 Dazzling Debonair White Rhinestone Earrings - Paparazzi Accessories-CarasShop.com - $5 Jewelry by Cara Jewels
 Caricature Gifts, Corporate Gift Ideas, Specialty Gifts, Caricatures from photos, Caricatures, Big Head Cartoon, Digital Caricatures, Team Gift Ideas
+ + + +
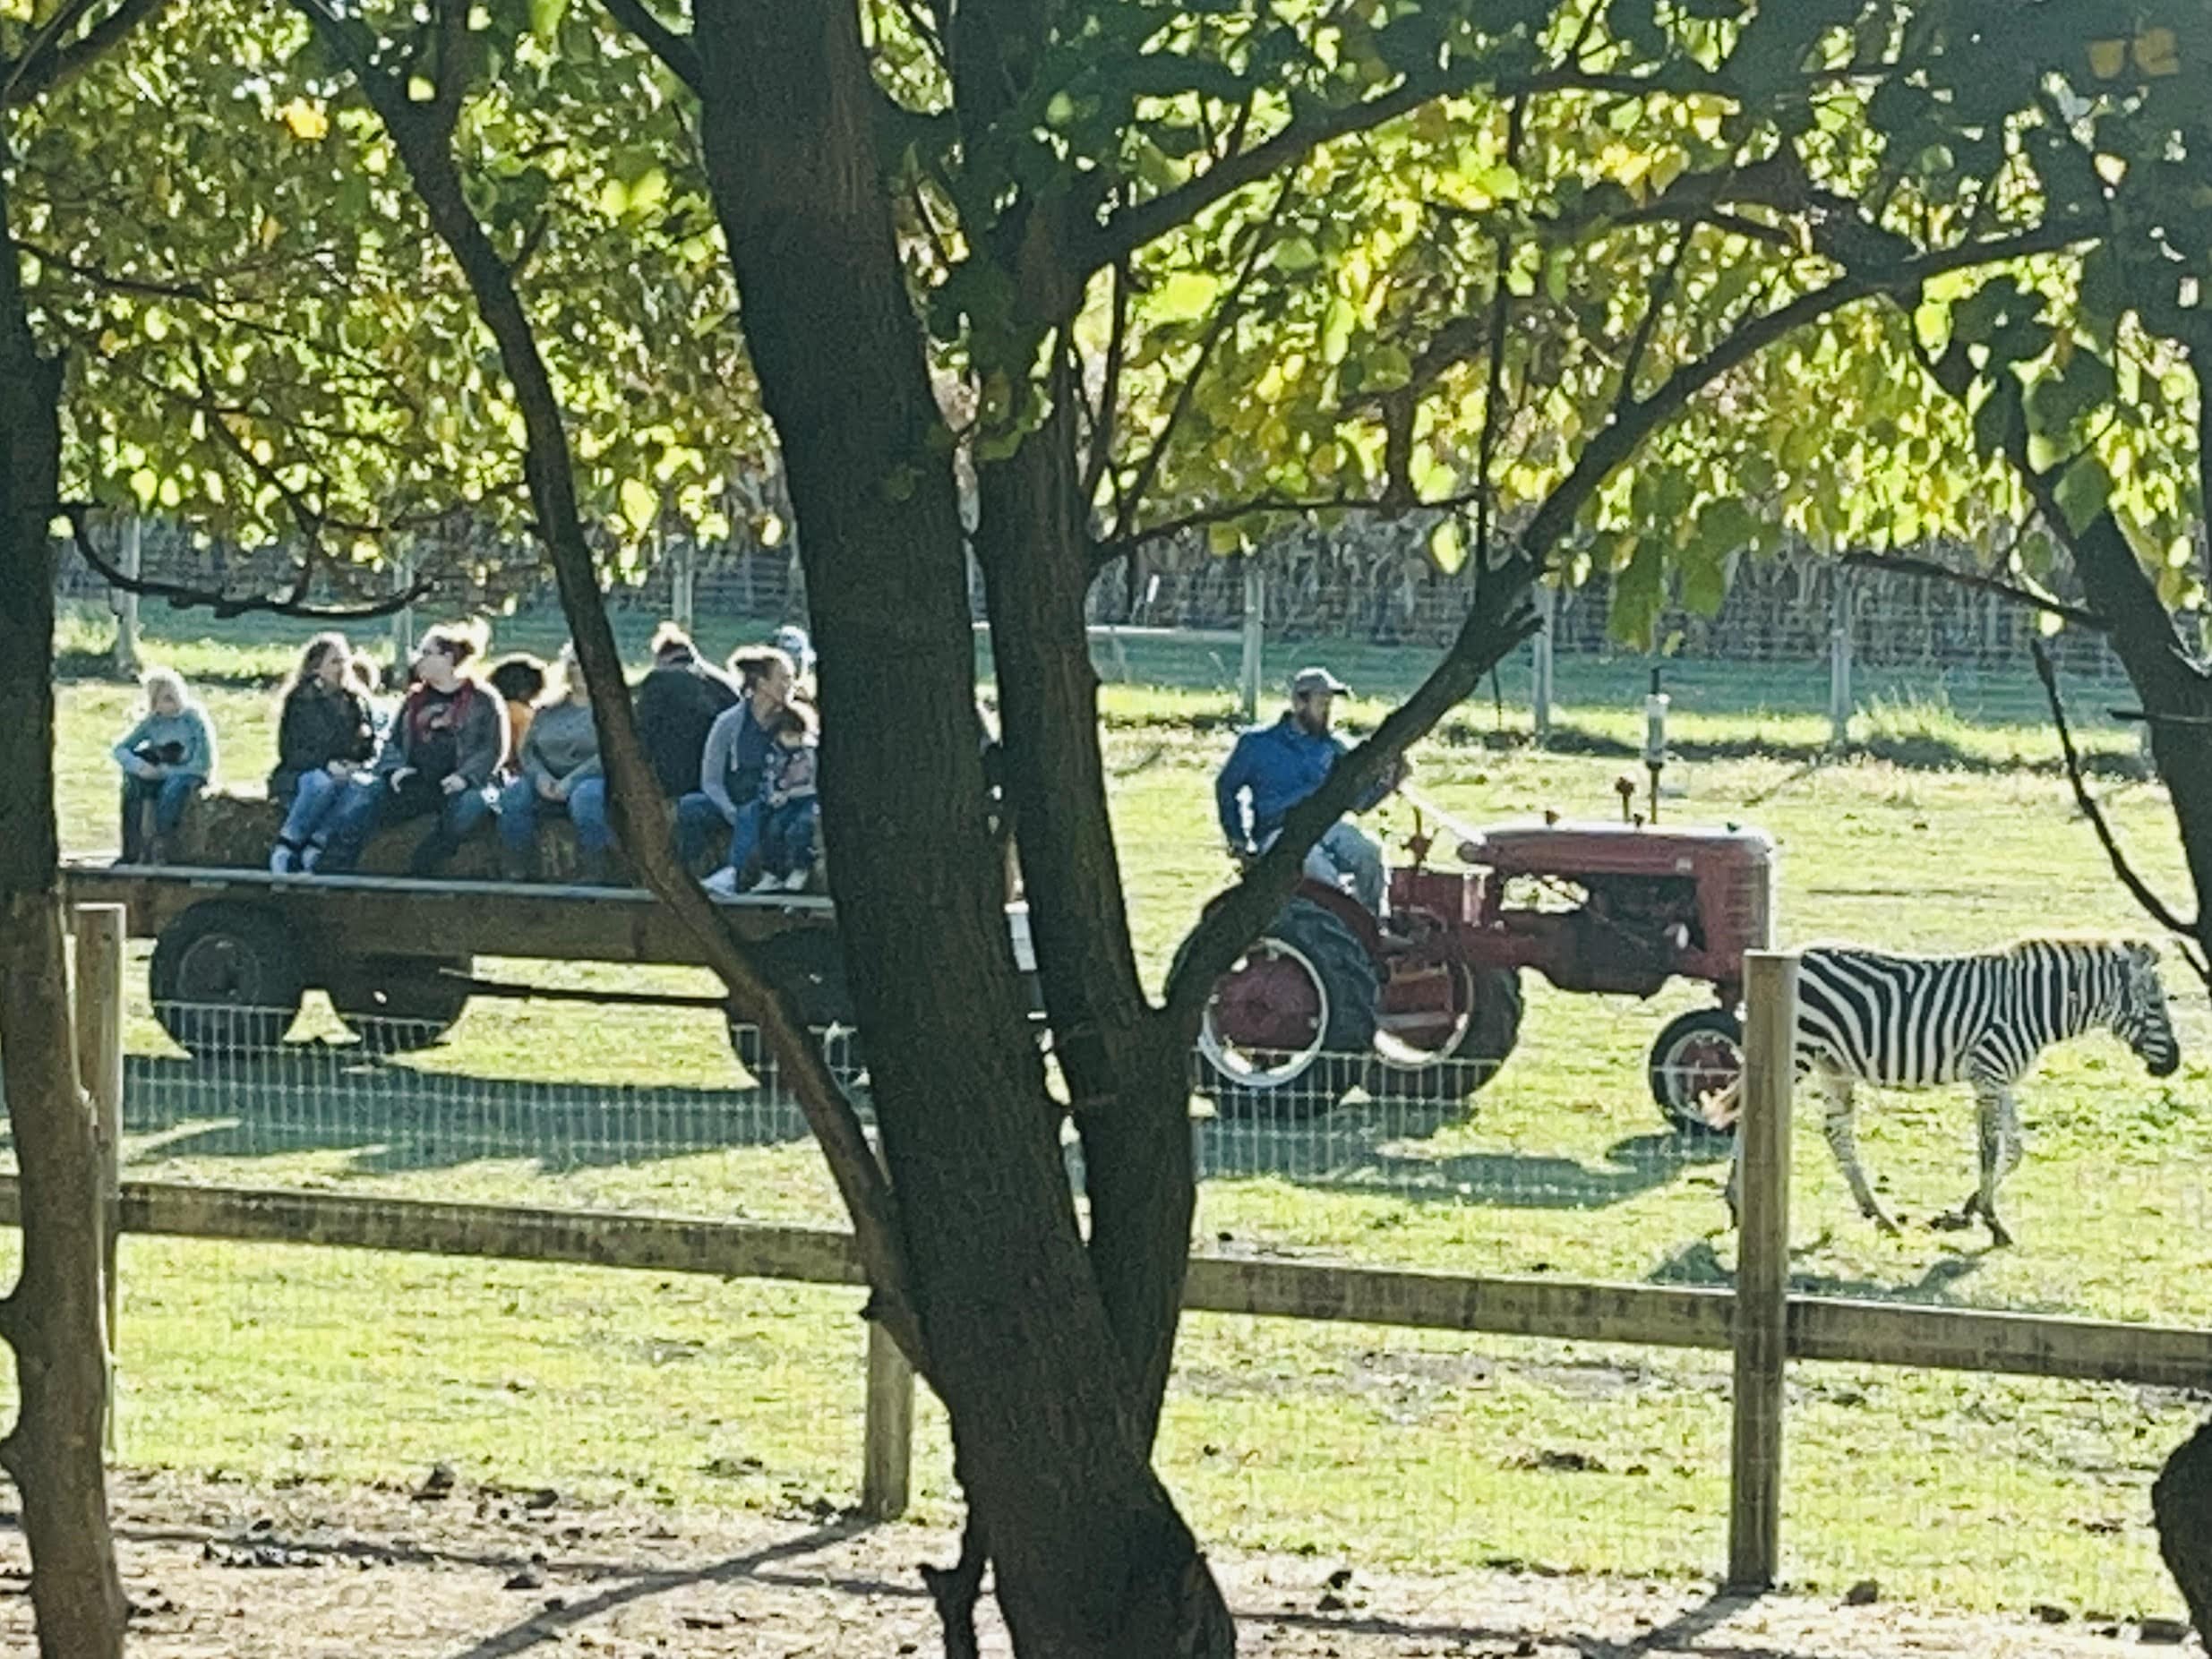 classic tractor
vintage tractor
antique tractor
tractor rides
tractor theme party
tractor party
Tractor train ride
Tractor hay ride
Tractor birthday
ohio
+ + + +
TASK BRIEF
Leave out every line above except those from the line with "Dazzling Debonair White" up to and including the line with "Caricature Gifts, Corporate", and copy those exactly.

SOLVED PROBLEM
 Dazzling Debonair White Rhinestone Earrings - Paparazzi Accessories-CarasShop.com - $5 Jewelry by Cara Jewels
 Caricature Gifts, Corporate Gift Ideas, Specialty Gifts, Caricatures from photos, Caricatures, Big Head Cartoon, Digital Caricatures, Team Gift Ideas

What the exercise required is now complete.